She's not the nagging housewife.
She's not.
When Kate gets back, she comes all the way into the office and combs her hand through his hair. He startles hard and jerks his chin up to look at her.
"I'm back," she laughs softly.
He immediately pauses the game, drops the controller. "I can be done if you-"
"No, I can entertain myself." She holds up the book she found at the drug store. "Got a book."
"Better not be cheating on me with James Patterson."
"Nope," she says brightly, bending down to kiss that wrinkling forehead. "Cheating on you with Jennifer Egan."
He's grinning as she pulls back. "Oh, girl on girl action-"
She pushes her fingers into his temple and knocks him back. "You play with yourself, Castle, I'll play with this."
"Kinky." But he's reaching for his video game again, his attention split. That's okay. She's got The Keep by Jennifer Egan, a novel about a tower in a castle, and she really can entertain herself.

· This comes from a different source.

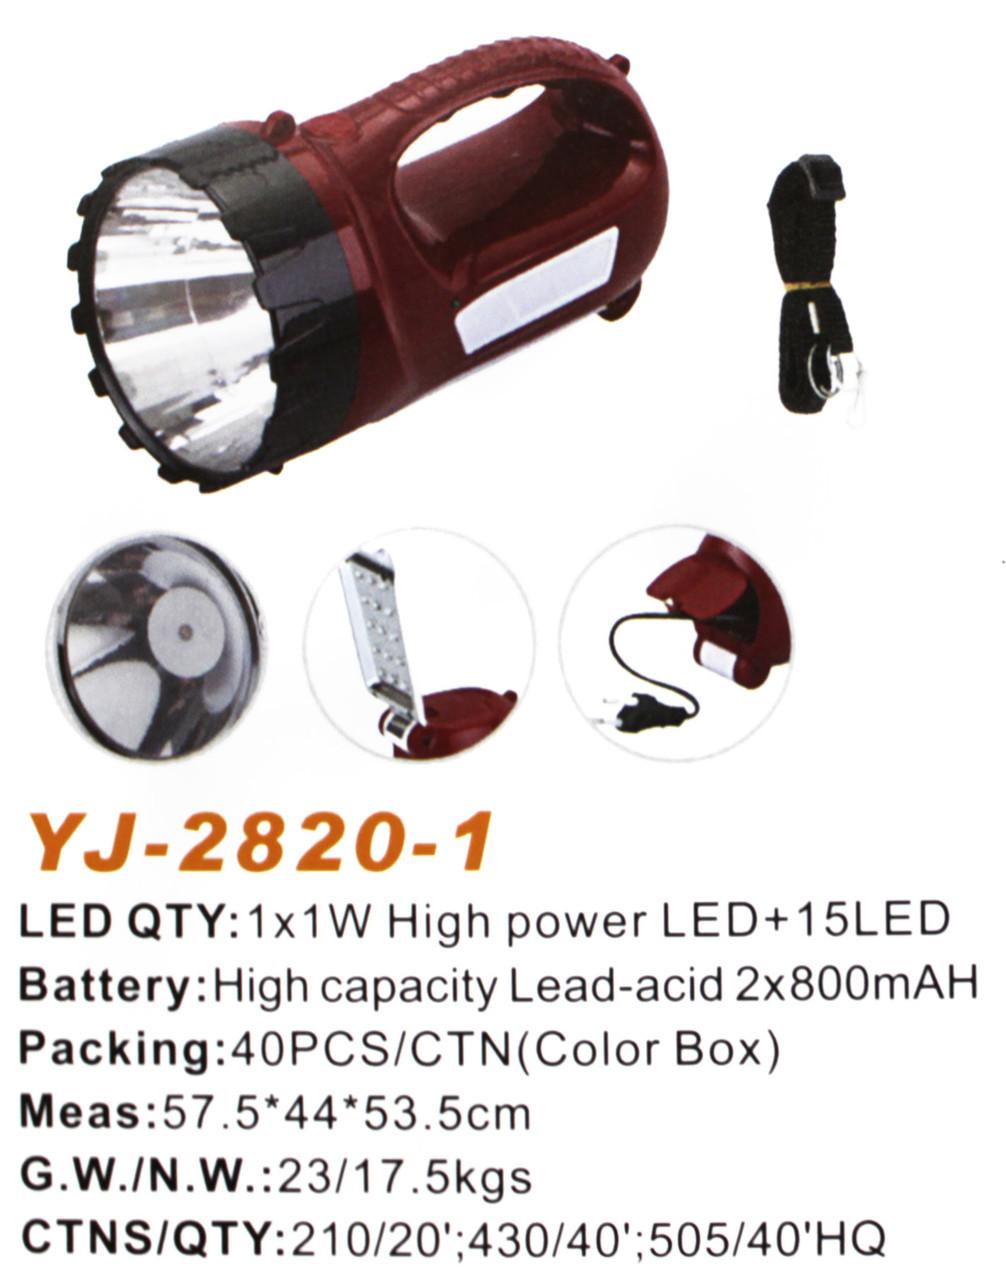 Фонарь Yajia YJ-2820-1/Акк./ 1 LED+19 LED/ Боковая подсветка/
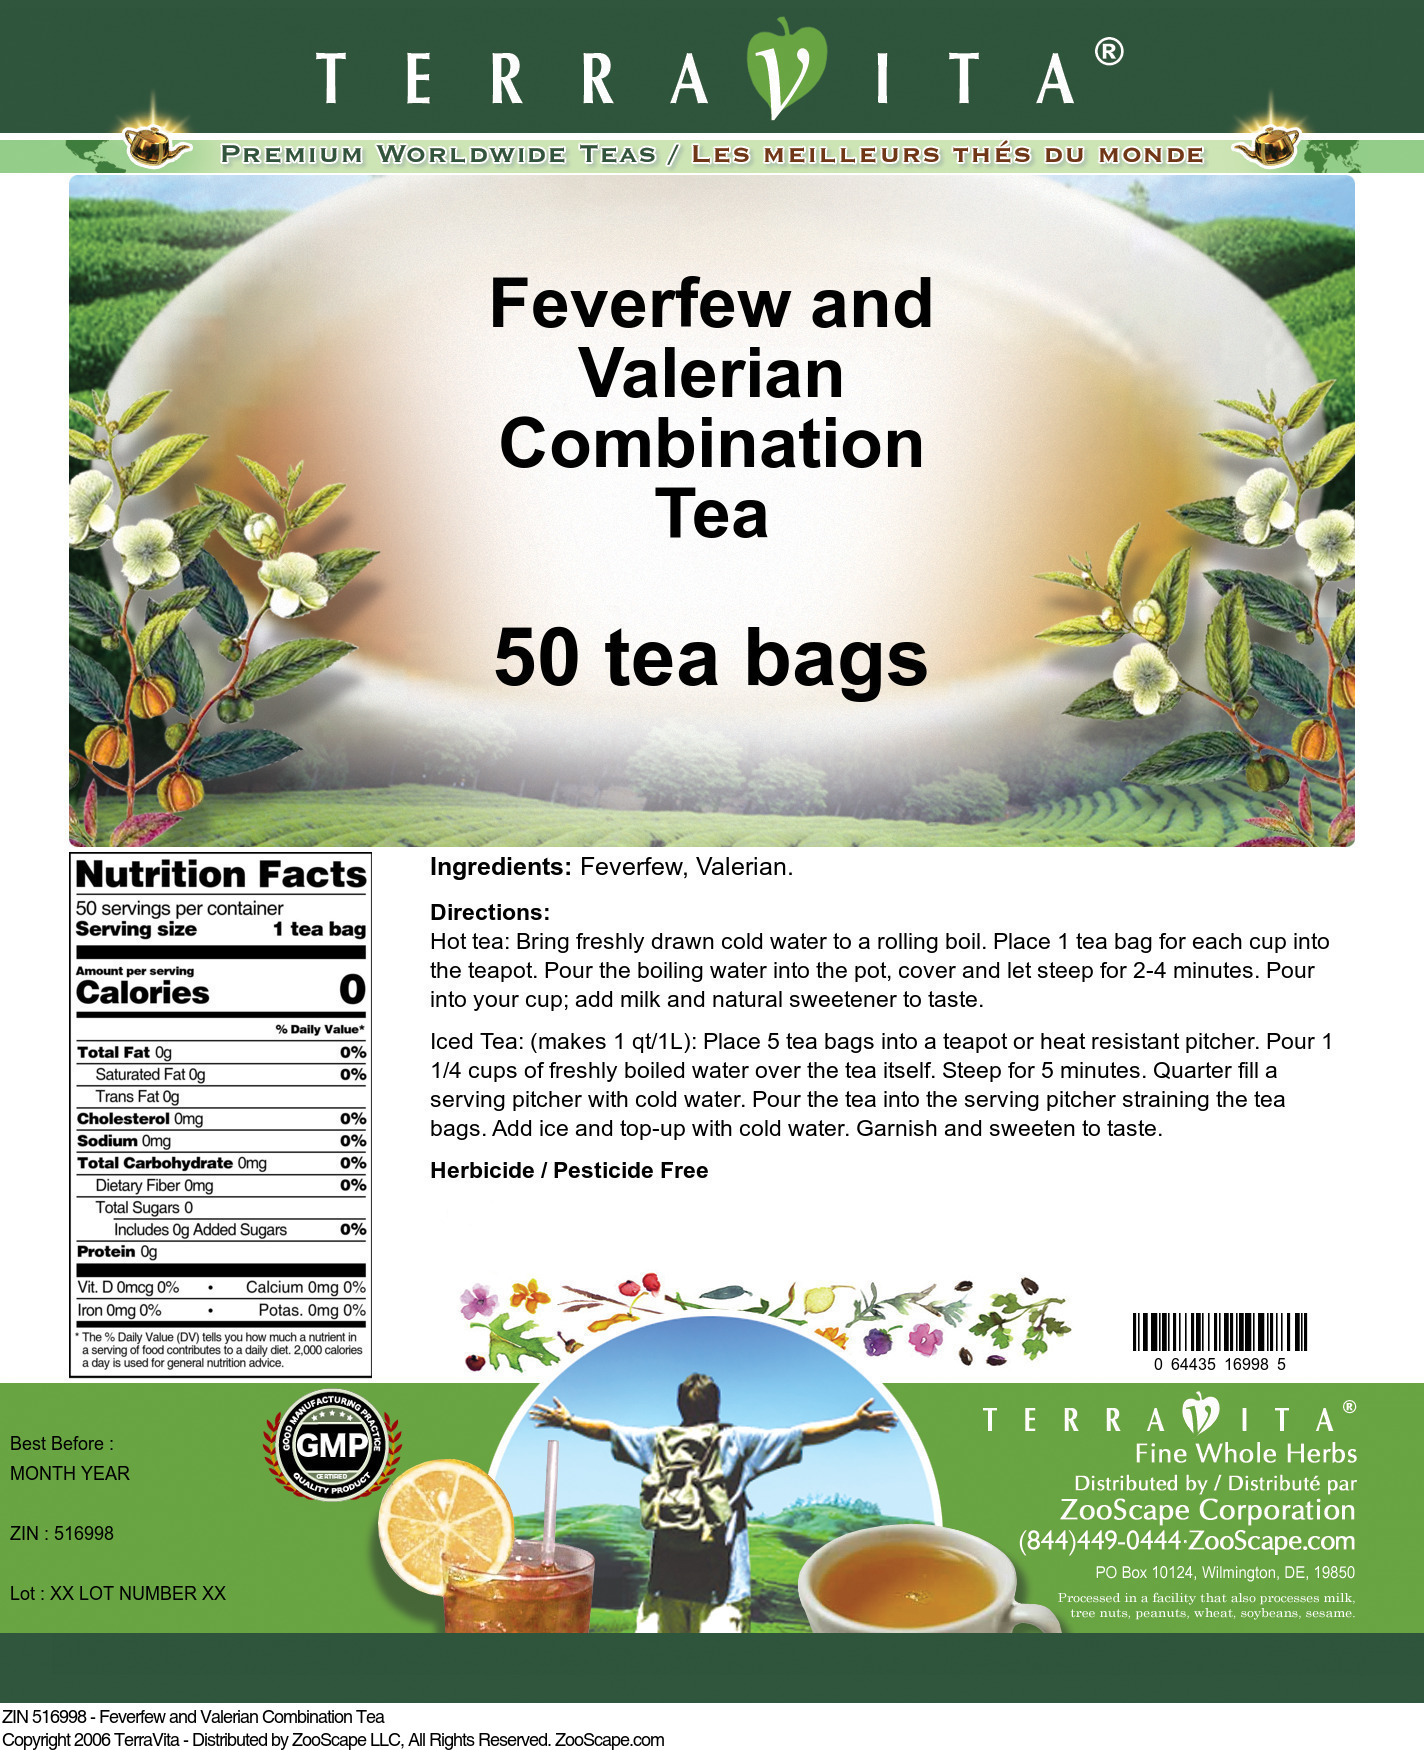 Feverfew and Valerian Combination Tea

Castle comes crawling up the bed, jostling her. Her eyes are slow to lift, reading the next few sentences voraciously, trying to finish the thought.
"Kate," he husks.
It was one of those views that made you feel like God for a second. The castle walls looked silver under the moon, stretched out over the hill in a wobbly oval the size of a football field. Looking down made something go easier in Danny.
"Kate." He lays down at her side, wrapping an arm around her, and she has to lift the book to keep from losing her place. His chin lands on her shoulder. "Kate."
Her gaze jerks, travels over her shoulder to him. His hair is sticking up, cheeks flushed. "Rick?"
"Did you happen to get those zinc things?" he gruffs. "I feel hoarse."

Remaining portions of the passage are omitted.